• [WHAT TO PRODUCE]:
Could you restate word for word the lines running from the one with "What is Stainless Steel Band for Cable?" to the end of the data, both ends included, but without pictures?

• [INFORMATION SUPPLIED]:
__________

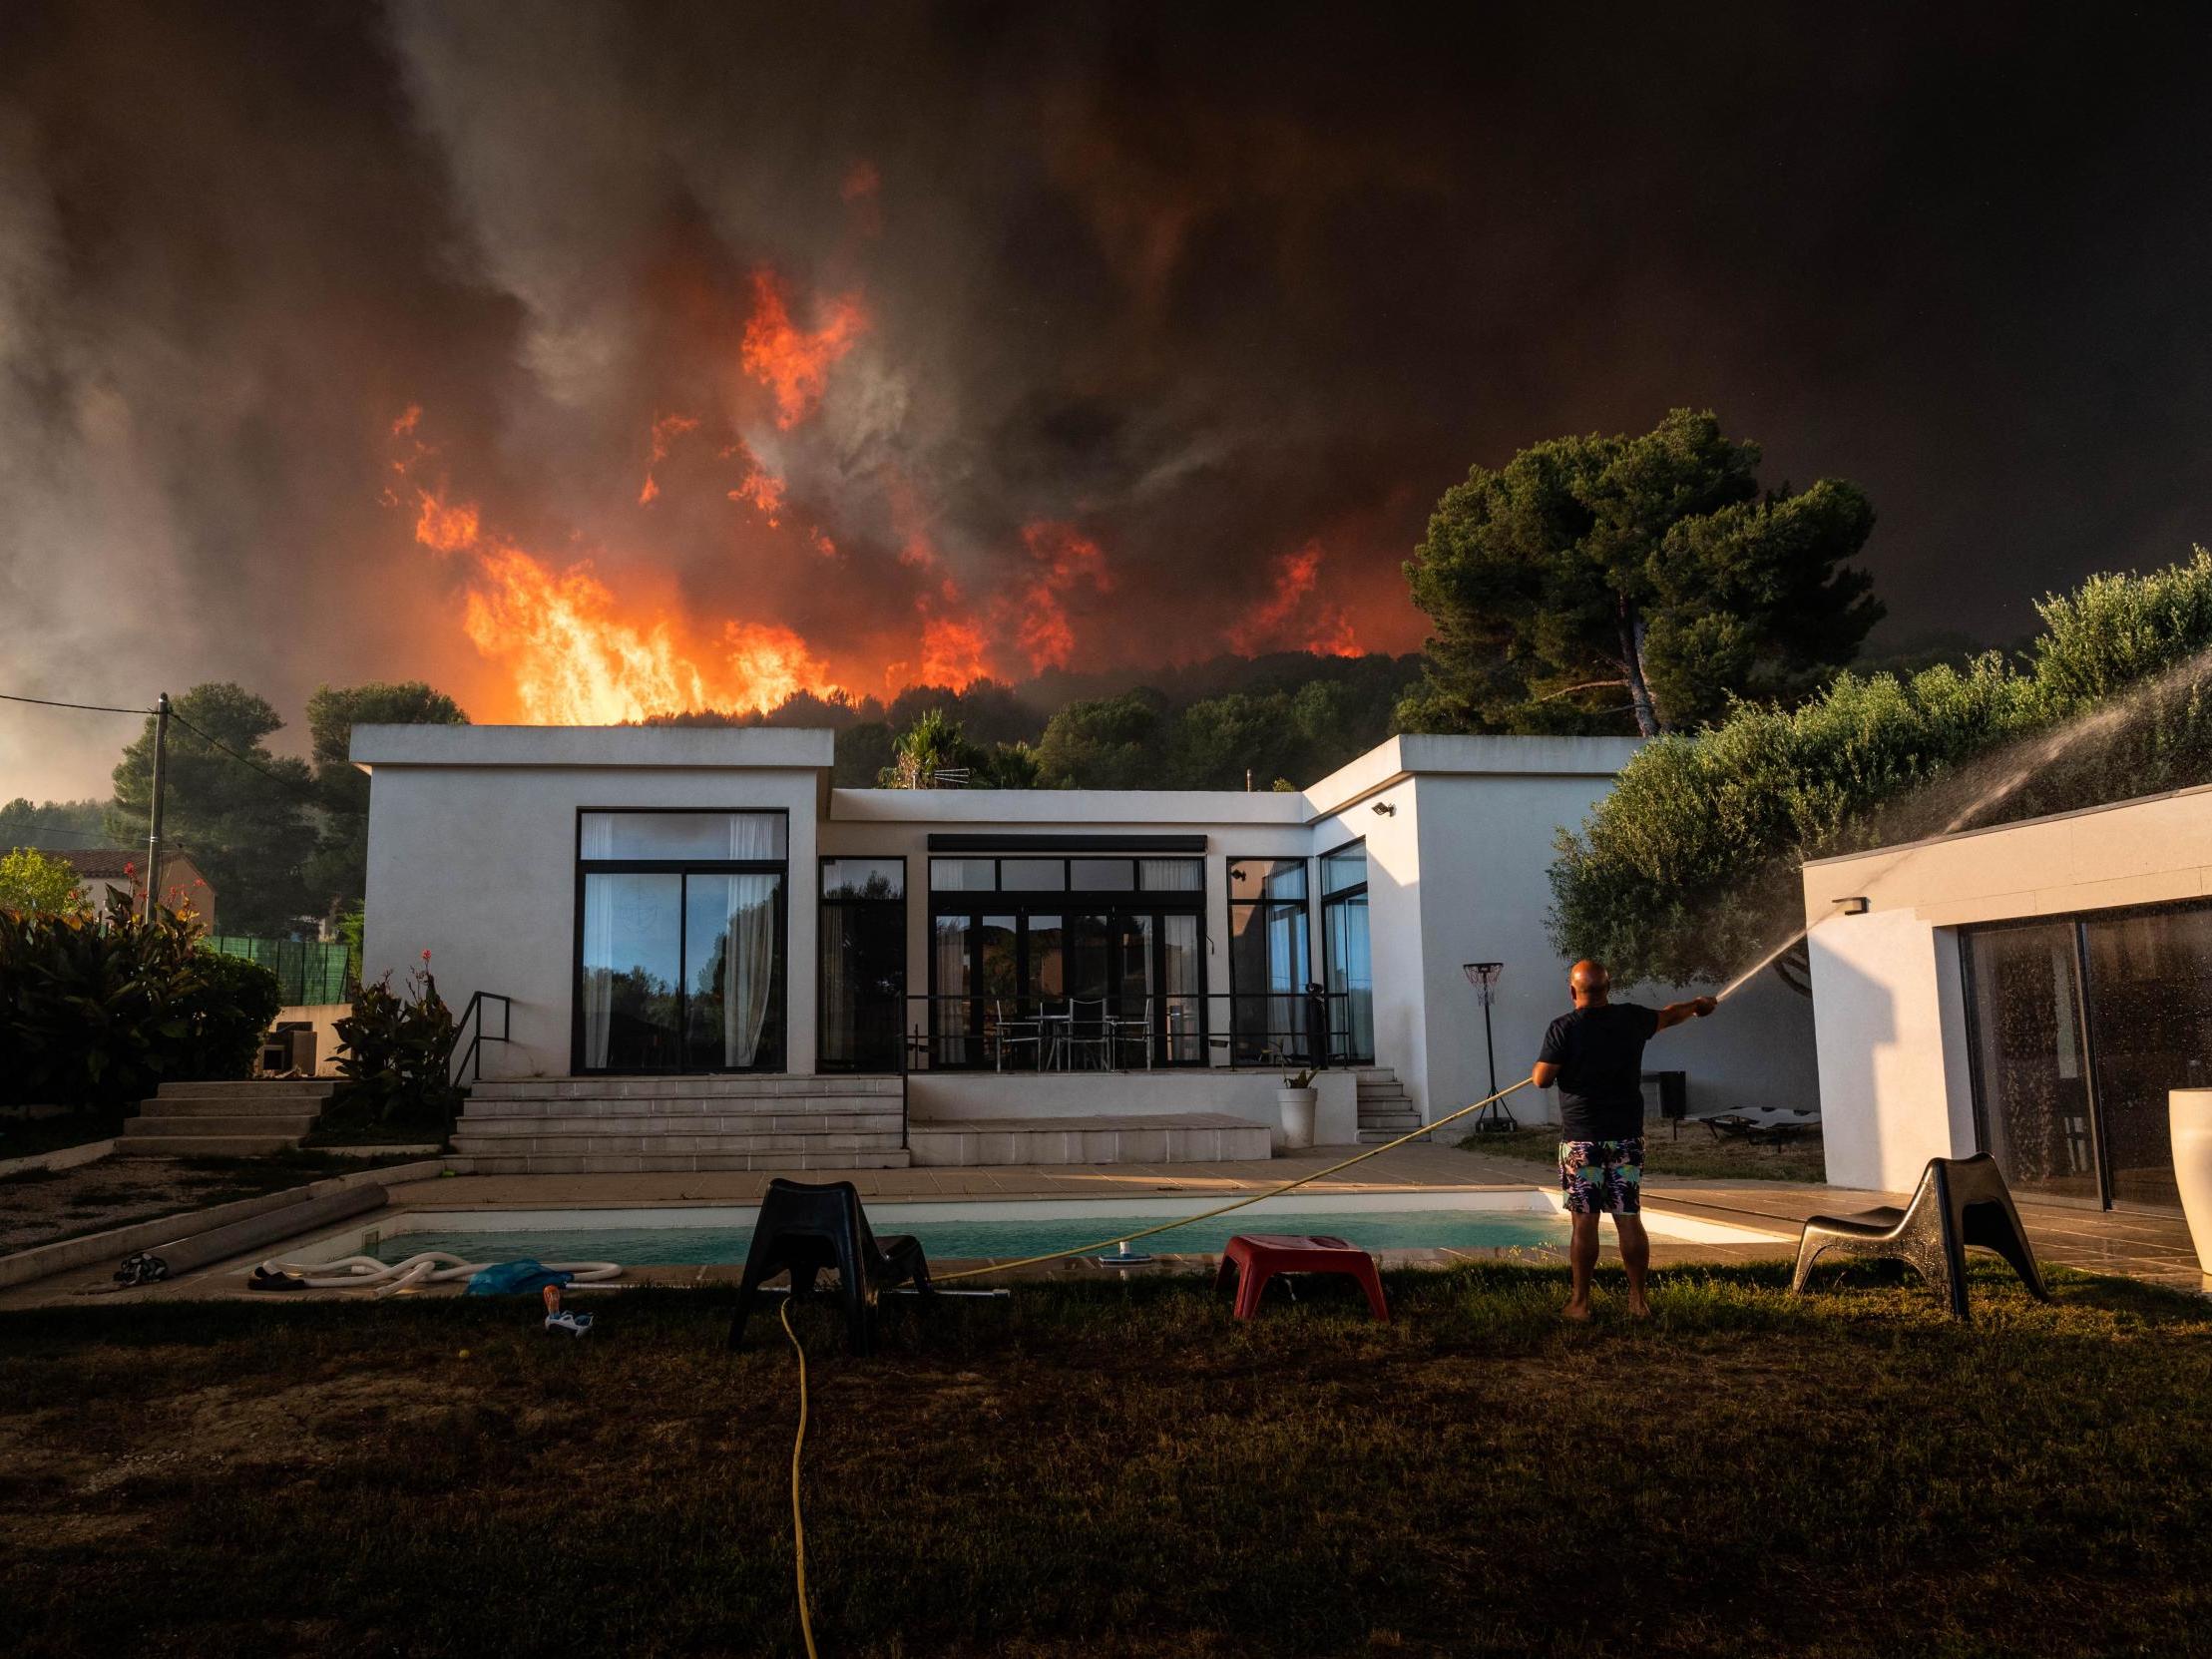 A man uses a garden hose to drench his house before being evacuated as a wild fire burns in the background, in La Couronne, near Marseille
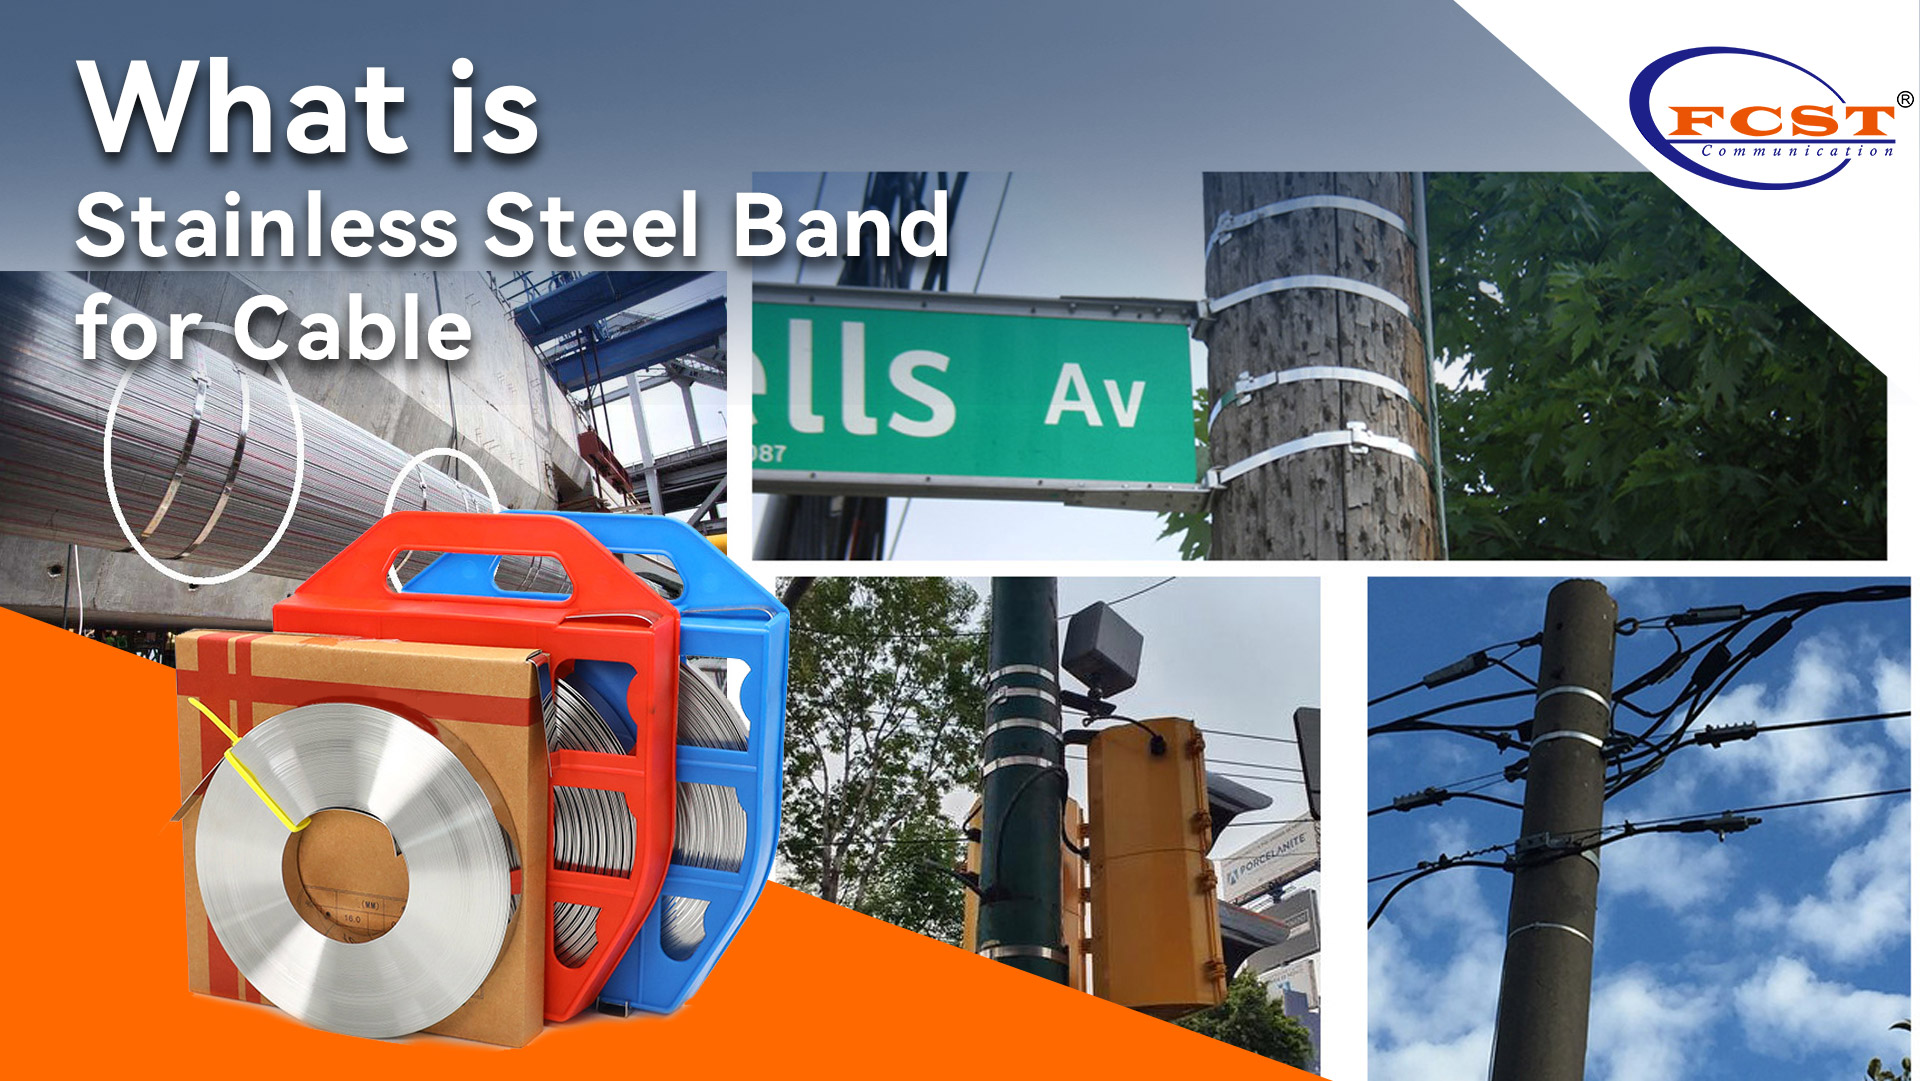 What is Stainless Steel Band for Cable?
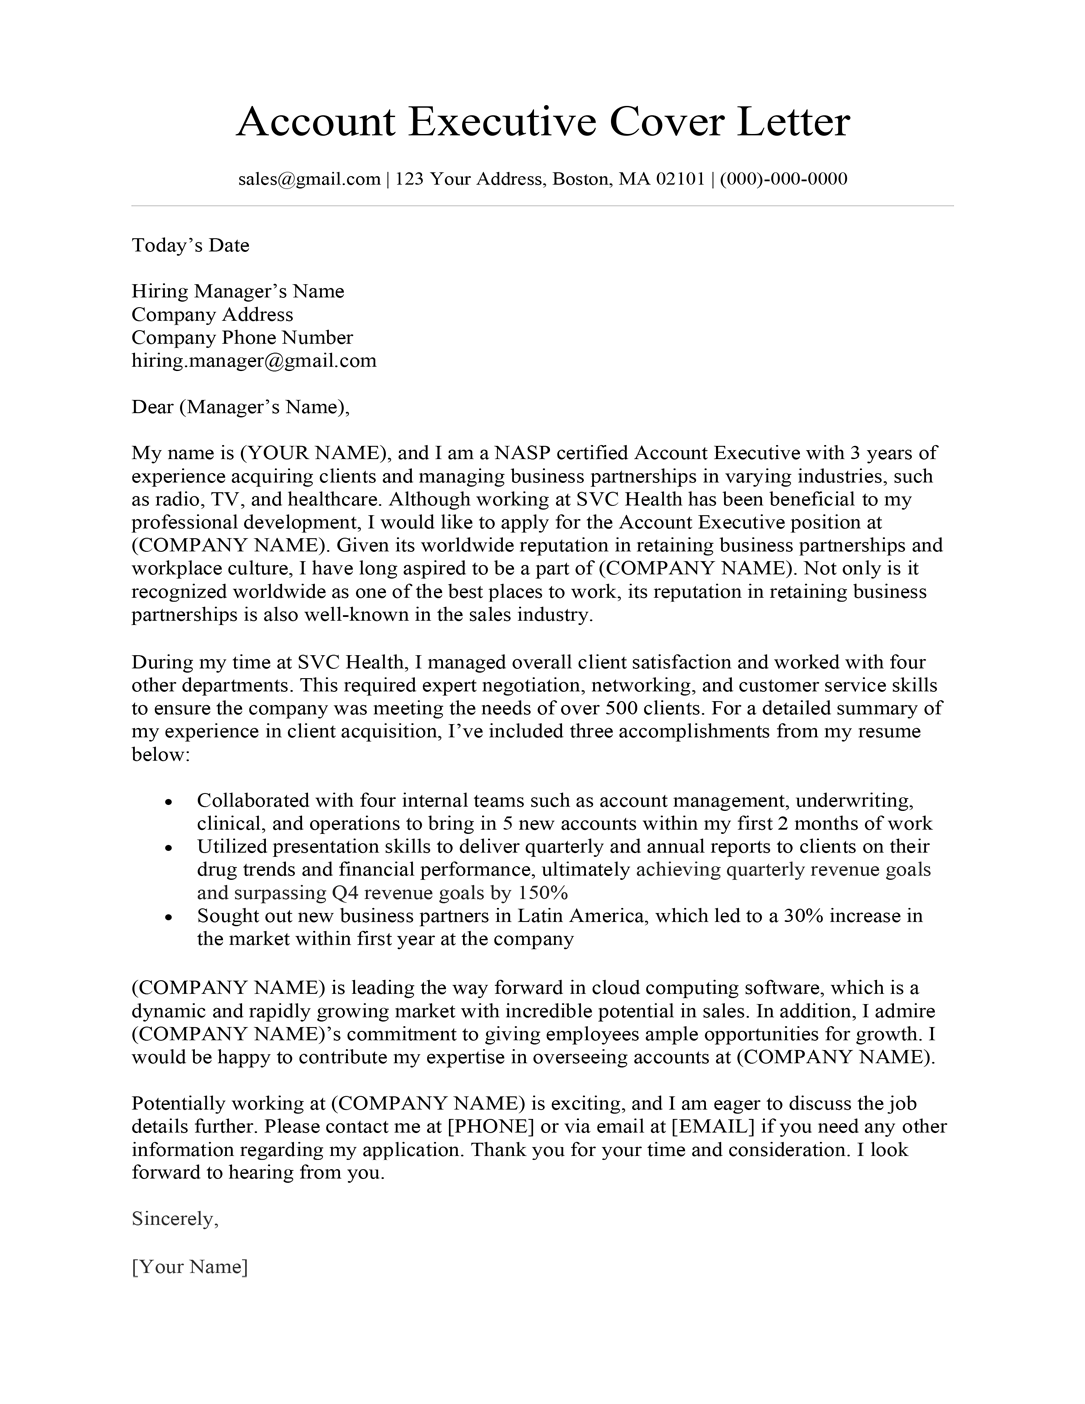 Sample Cover Letter For Management Position from resumecompanion.com
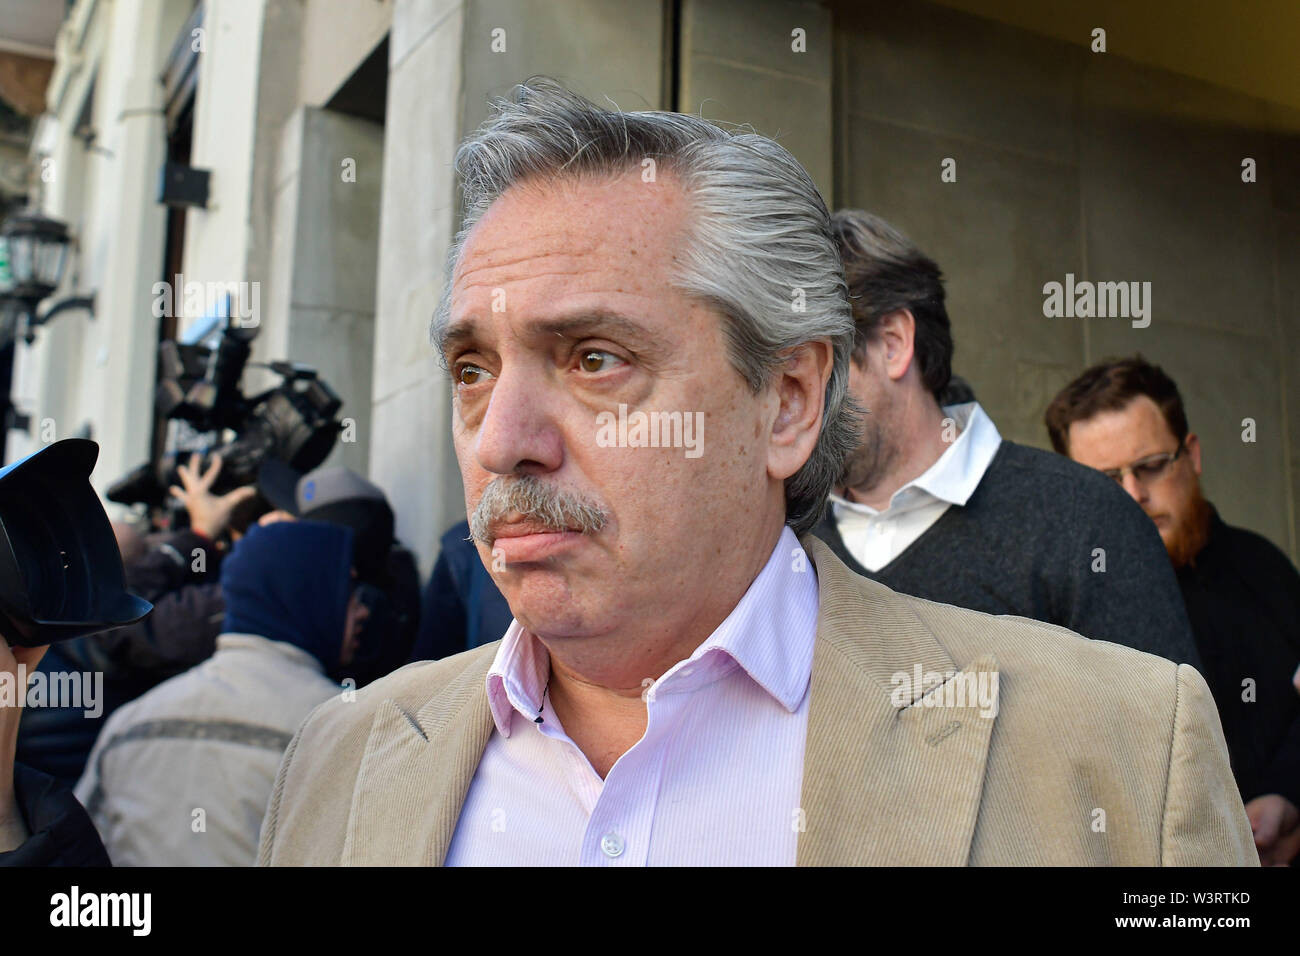 Buenos Aires, Buenos Aires, Argentina. 17th July, 2019. ALBERTO FERNANDEZ, Presidential candidate with the front TODOS, arrives at a campaign meeting ahead of the upcoming general elections. Credit: Patricio Murphy/ZUMA Wire/Alamy Live News Stock Photo

__________

• [RESPONSE TO THIS EXERCISE]:
 What is Stainless Steel Band for Cable?
 Sample Cover Letter For Management Position from resumecompanion.com
 Buenos Aires, Buenos Aires, Argentina. 17th July, 2019. ALBERTO FERNANDEZ, Presidential candidate with the front TODOS, arrives at a campaign meeting ahead of the upcoming general elections. Credit: Patricio Murphy/ZUMA Wire/Alamy Live News Stock Photo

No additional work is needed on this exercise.